I very much don't want this to devolve into a 'what is academia' discussion, but to rework the hackneyed and unnecessarily insulting phrase, 'There are those who teach, and those who don't'. Also, I don't want to run up against the Ivory Tower(tm) issue: I'm a firm believer in, or at least part-time aspirant to, the idea that academia is an Ivory Tower only if you let it be. Crazy's point about the nuances of academia - the name-tag cruising and elitism rife between, and even within, institutions, subdivides the inside/outside question endlessly. But if one is publishing in the Best Journals and presenting at the Best Conferences, it's distinctly possible that name recognition and quality of work trump institutional affiliation. Which is the longer and harder road to acceptance into the coterie of the Known and the Elite to which some aspire. The flip side, of course, is endemic to the profession, and I'm under no illusions on that front. Smoking, the great leveller...
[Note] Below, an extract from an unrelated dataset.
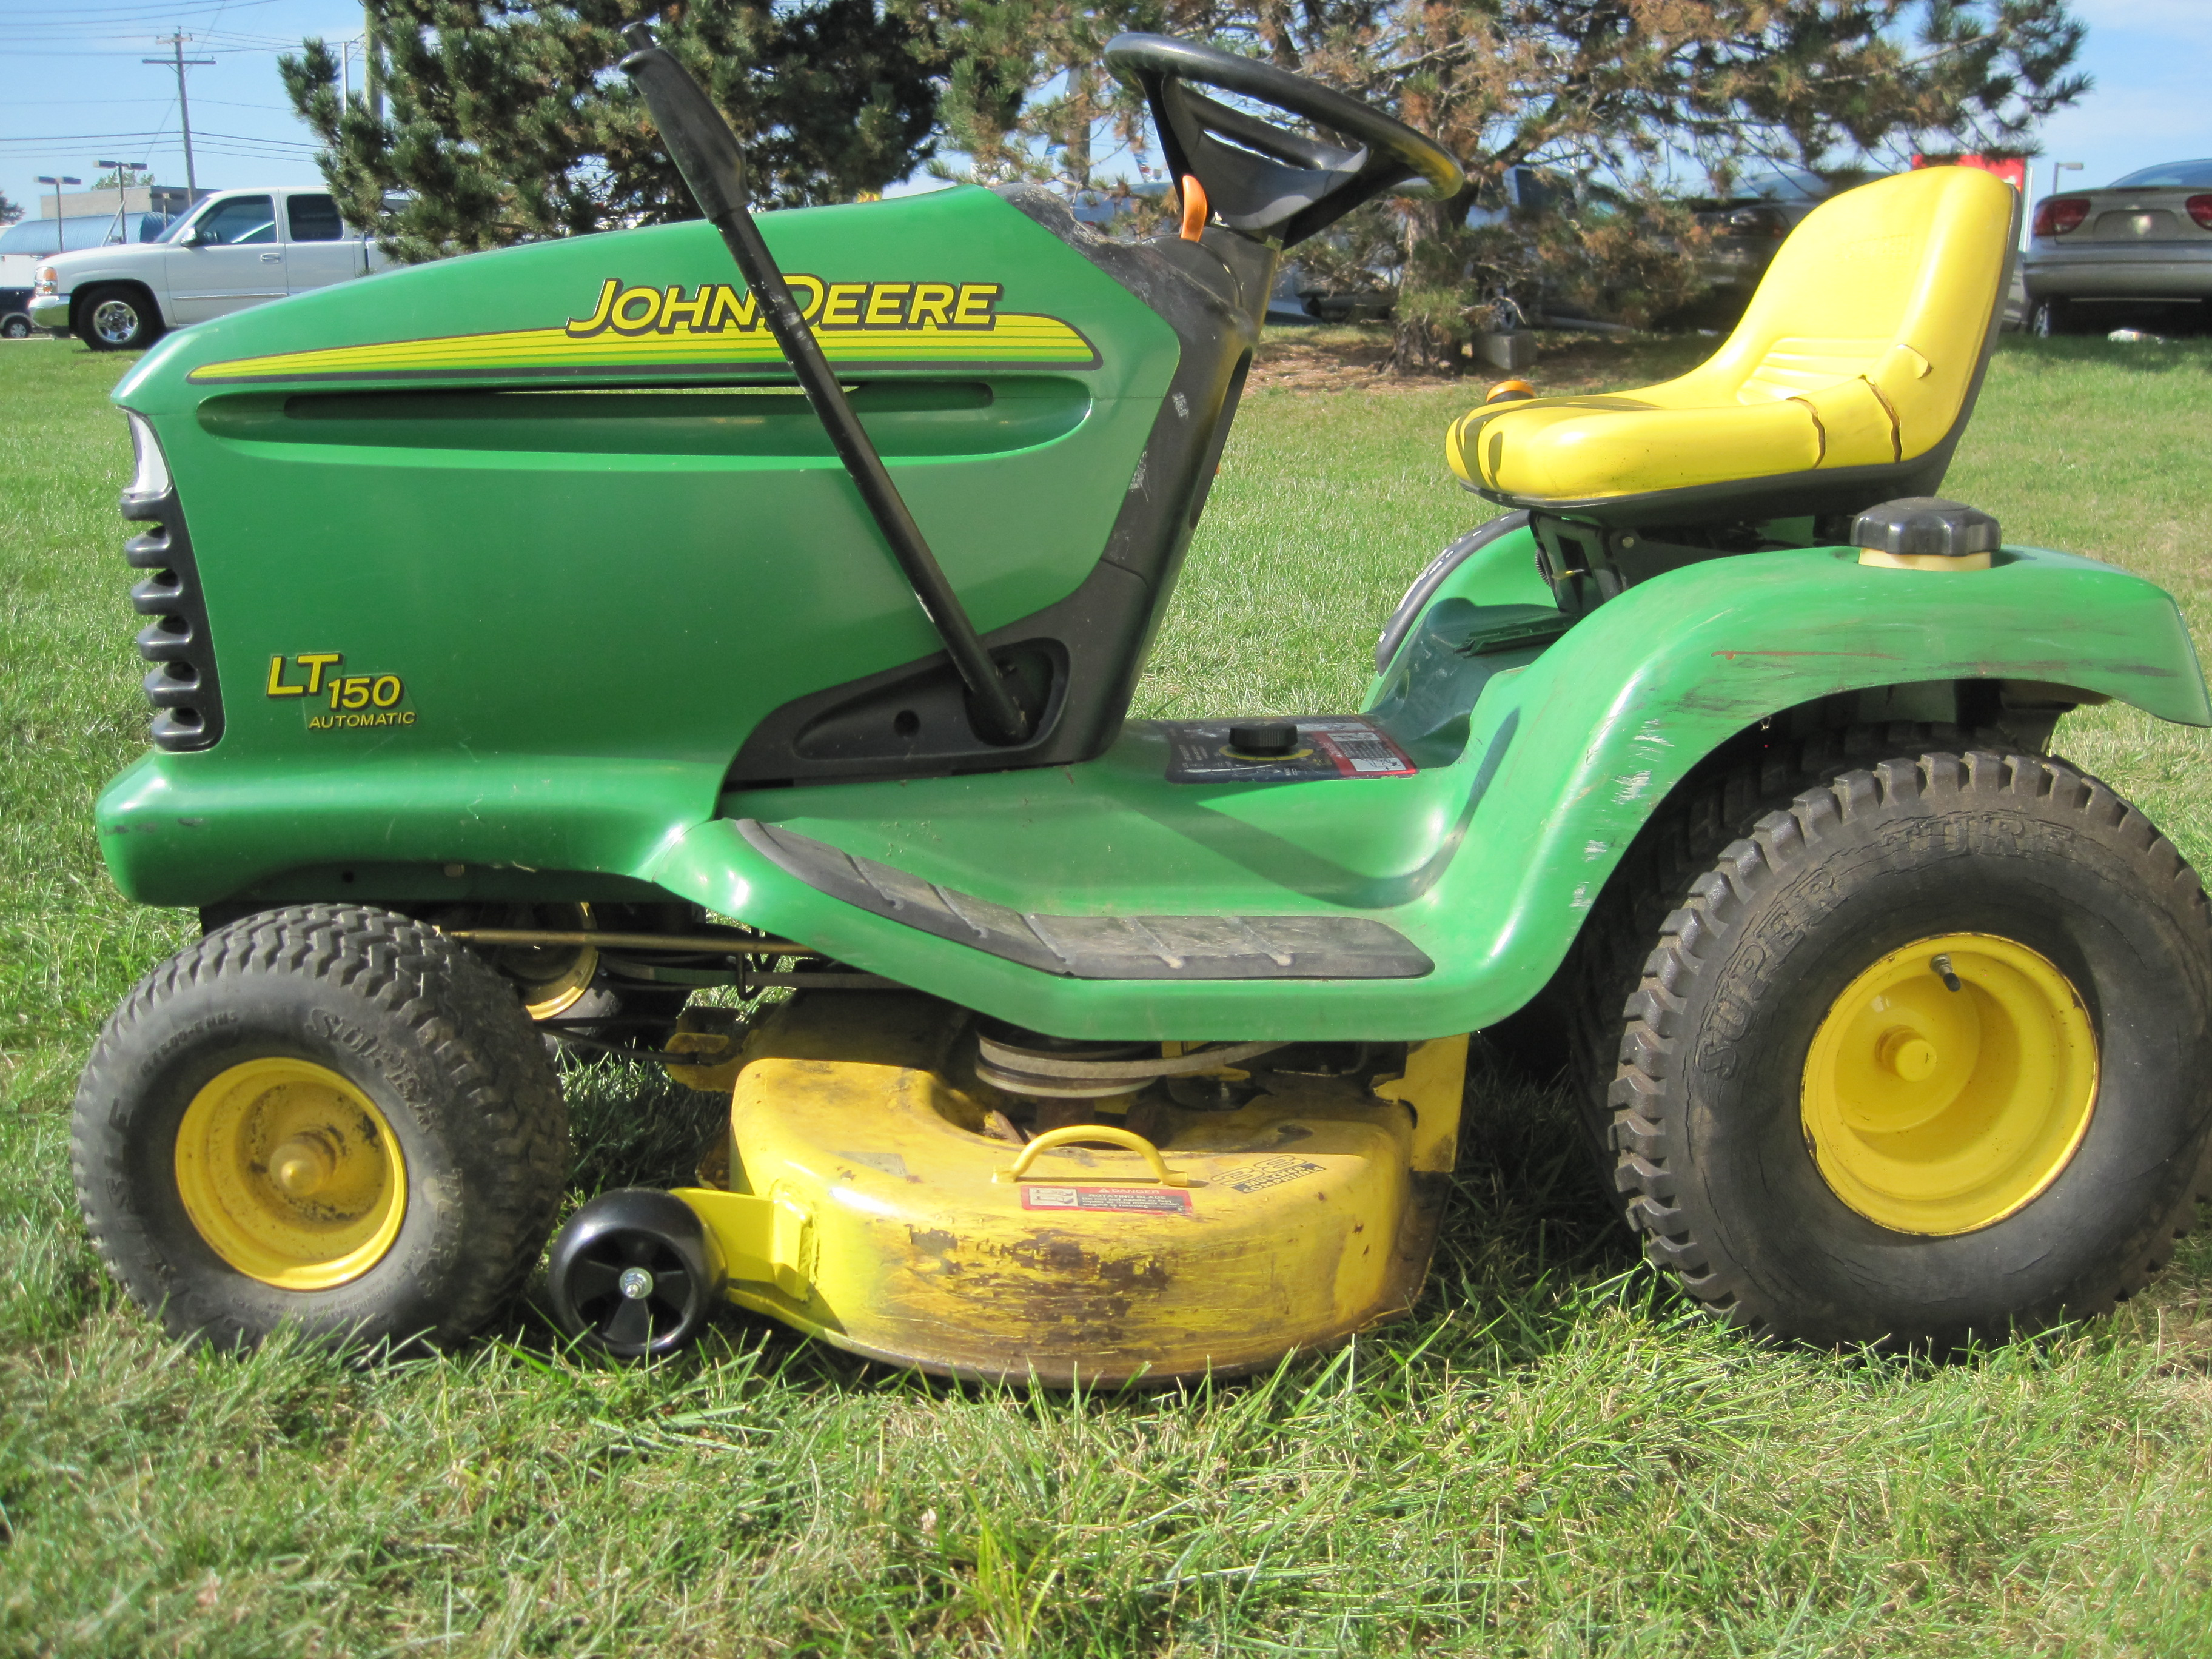 John Deere Lt150: John Deere 150 - e-cighq.com

The lack of an inside to Old English University was a blessing, inasmuch as I was never under the only marginally illusory illusion that there is an inside for those coming from Fancy Research and Top Notch U. Moreover, it's a self-propagating inside that nonetheless sheds the majority of its constituents to RCU et al before readmitting a small percentage of them to the larger cross-institutional coterie. (I'm fond of the word, though as a concept it has been rather au courant and much over-used/abused in my field recently.) But Crazy's 'bait-and-switch' reaction is, I think, completely understandable - at many levels, from those who are employed in, or near, their fields of study, to those teaching at institutions with radically different academic cachet than those at which they studied, to the emphatic impact of geographic and demographic relocation accompanying the First Job.

I don't know the reality of teaching at RCU. And thus, to some degree, I don't know the extent of my illusions and misconceptions of the radically varying 'inside' of academia. Personally, in the 2.0%, I've worked and work very hard to ensure that First Job does not appear as a panacea on the not-so-distant horizon - the disappointments Crazy describes regarding her engagement with her students are only part of the whole. But I still want 'in', if only to have the opportunity to get paid for something vaguely resembling what I've spent an alarming proportion of my adult life working on. Even knowing how fickle 'in' is, how nuanced, even how much it represents a fundamental misconception of what I, we, are trying to do, trying to participate in, to create.